Some may even venture to say that he has fallen off the pace and point to the fact that last year, he quietly took his research company Pulse Group, which was listed on the Alternative Investment Market (AIM) on the London Stock Exchange, private.
 
But Chua is neither deterred nor distracted by any such talk. He is instead busy planning to catch the wave of the next big mega trend in tech, one in which his online-based research group has already been a player.
 
And he is ready to invest RM60 million (US$19 million) over the next three years, with the money being a combination of internal funds and venture capital.
 
“If you follow the money, especially in Silicon Valley, you will note that almost every day there is some transaction there in big data, from Series A to D [funding],” he enthuses.
 
Which means the sector is hot – but almost all the action is in the United States and Europe.
 
Chua aims to be a player in Asia. Correction: Make that THE player. “We want to be Asia’s largest big data provider,” he says, his ambitions undiminished.
 
His confidence stems from the fact that Pulse is already in the unique position of being in this space, though when it started out, the term ‘big data’ had not been coined yet.
 
As a purely digital research agency, Pulse has always been involved in data analytics. “We have been all about milking data our clients already have to help them generate more sales,” he claims.
    
But with the creation of a new company, Pulsate, he is ready to make the transition in business model from the 4Ps – Product, Price, Place and Promotion – to the 3Vs. “The 4Ps was our bread and butter over the past 10 years but now we are going to be focused on Volume, Variety and Velocity.”
 
Volume is about the huge amount of data that sits in all companies but with none of it talking to each other. Pulsate will try to make them talk and co-relate any trends.
 
Variety is about the data being of the structured manner – i.e. data around logistics, CRM (customer relationship management), sales, finance and so on – while unstructured data is the social media related content that users generate every day.
 
Again, Pulsate will try to merge and make sense of this, says Chua.
 
Velocity meanwhile, is about how fast companies can churn this data out so they can do something meaningful with it.
 
Chua is particularly excited about the big data opportunity because he sees no one doing this from the service provider angle yet in Asia, but acknowledges that soon all the consulting practices and accounting firms will jump in.
 
“But in the meantime, it is an opportunity to differentiate ourselves as we are already an Asian specialist and we are in this space,” he says.
 
Aiming to cement his first mover spot, Pulsate will be launched in the fourth quarter of this year. “I am in the midst of putting it all together, and may have an update in a month’s time on my funding partner.”
 
This is not all though. There are two other ambitious components to Chua’s plan. He aims to create the world’s second data centre just focused on big data.
 
The first is in Singapore, opened recently by Dell, Intel and Revolution Analytics.
 
To be custom-built by his infrastructure partner, Pulsate’s data centre will show the world that Malaysia is serious about big data, he claims. It will be open to anyone to use. Part of the RM60 million he is raising will go towards building this.

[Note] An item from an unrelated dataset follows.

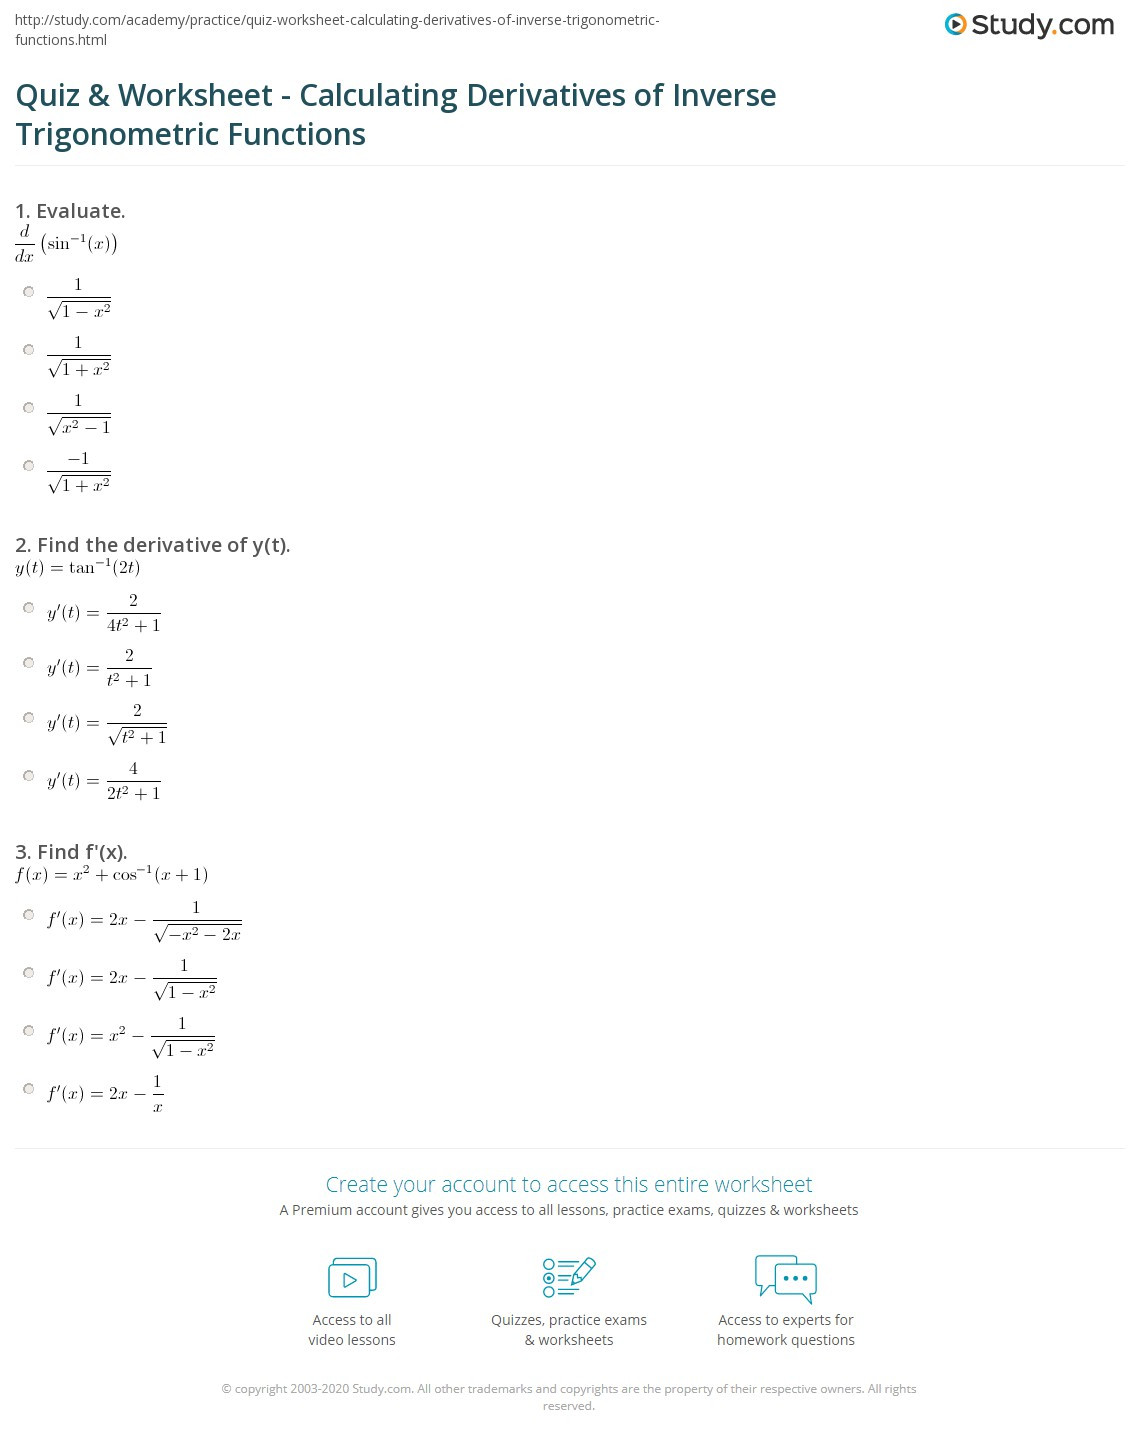 Inverse Trigonometric Functions Worksheet Quiz &amp; Worksheet Calculating Derivatives Of Inverse

 Bob Chua’s RM60mil big data bet
Secondly, as part of his commitment to Digital Malaysia (the Malaysian Government’s programme to transform the nation into a digital economy, overseen by MDeC), Chua will create Pulsate Academy as the first big data training facility in the world.
 
The motivation for this is to help create the specific talent pool that both Chua and the big data niche need, and also based on the fact that few graduates come out eager to be data scientists.
 
The institute will train fresh graduates to move up the income value chain and become data scientists, the highest paid profession in the world (click table to enlarge).
 
“If successful, Malaysia may finally create the niche play in Knowledge Process Outsourcing that we are hankering for,” says Chua, claiming that this whole combination of what he is attempting will be very interesting for the country.
 
If he can pull all this off, he thinks he can give Malaysia the tech icon that it never had. He certainly is not lacking in confidence.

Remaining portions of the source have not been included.